Trade in merchandise between China and Portuguese-speaking Countries reached USD 51.775 billion in the period from January to May 2020, nearly 13% less than in the same period of 2019.
According to data from China Customs, Angola was the worst performing market, with a 35% drop in trade, to USD 7.21 billion, nearly USD 400 million less than in the first 5 months of 2019.
Chinese imports from Angola, mostly oil, sank 36%, to USD 6.67 billion, while exports to Angola dropped 28%, to USD 540 million.
Brazil, the largest trading partner among lusophone countries, also contributed to the drop, with total trade at USD 41 billion in the first 5 months of the year, 6.5% bellow last year (minus USD 2.9 billion).
Chinese imports from Brazil fell 5.6%, while exports to Brazil were 8.8% lower.
In total Portuguese-speaking Countries sold goods worth USD 37.1 billion to China in the first five months of 2020 – a fall of 12.93 percent year-on-year.
The value of China’s merchandise exports to those countries reached USD 14.675 billion in the same period, down by 9.56 percent year-on-year, according to Chinese official data.
The total value of merchandise traded in May between the parties topped USD 9.947 billion, an increase of 0.88 percent from the previous month.
The value of China’s merchandise imports from Portuguese-speaking Countries reached USD 6.997 billion, up by 1.76 percent month-to-month, according to Chinese official data.
China sold goods to those countries worth USD 2.95 billion in May, a decrease of 1.15 percent compared with the previous month.
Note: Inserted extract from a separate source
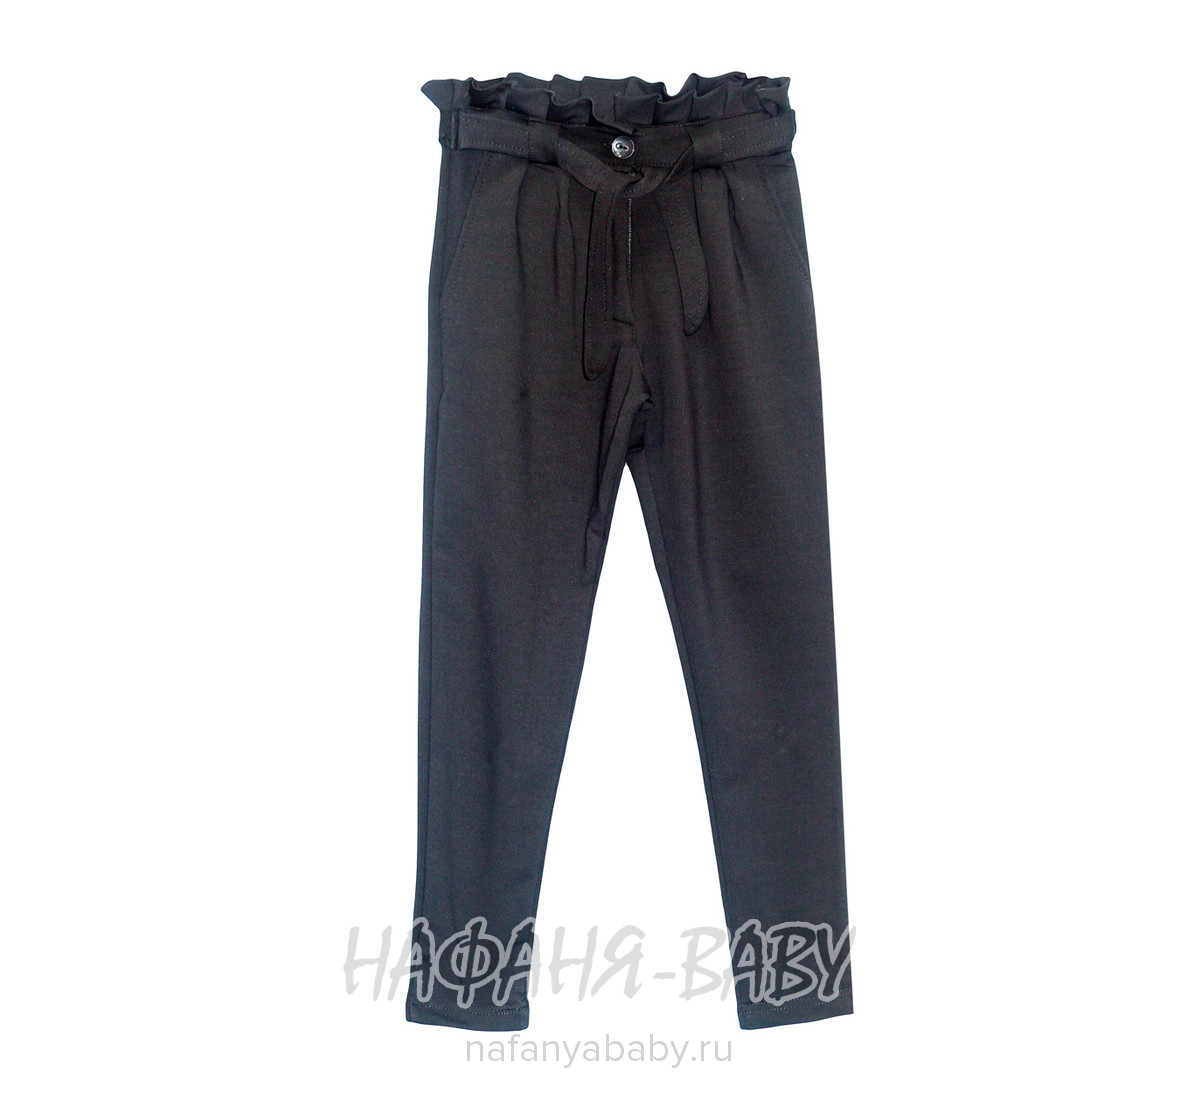 Модные трикотажные брюки для девочки ATC арт: 1685, 10-15 лет, 5-9 лет, оптом Турция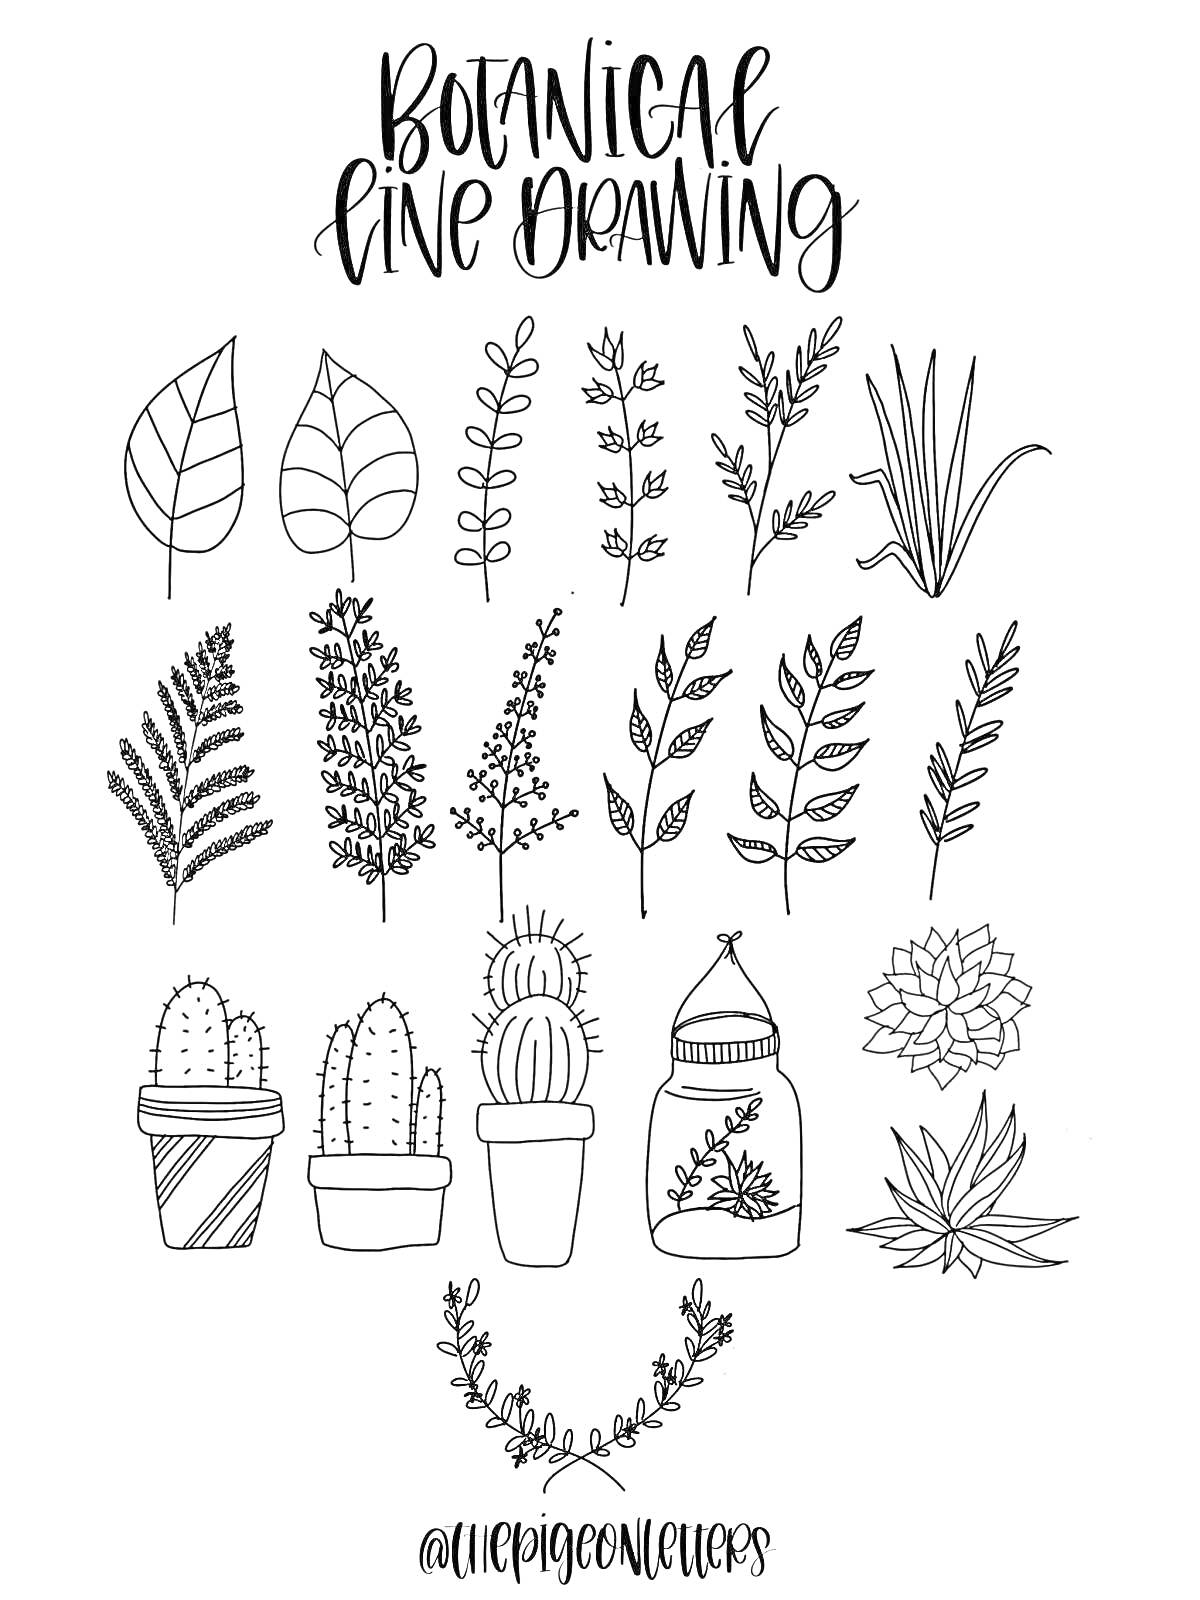 Ботанический рисунок линиями: листья, растения, кактусы, суккуленты в горшках и бутылочке

From January to May, Chinese trade with Portugal dropped nearly 8%, to USD 2.46 billion.
Total trade with Mozambique was 876 million, 9% less than a year ago, with both imports and exports falling at a similar pace.
Chinese trade with São Tomé e Príncipe fell 8% in the first 5 months of the year, while Guinea-Bissau dropped nearly 6%.
Fluxes between China and Portuguese-Speaking countries that grew in the same period were the ones with Cabo Verde (40%, to USD 33 million), and Timor-Leste (7%, to USD 48 million).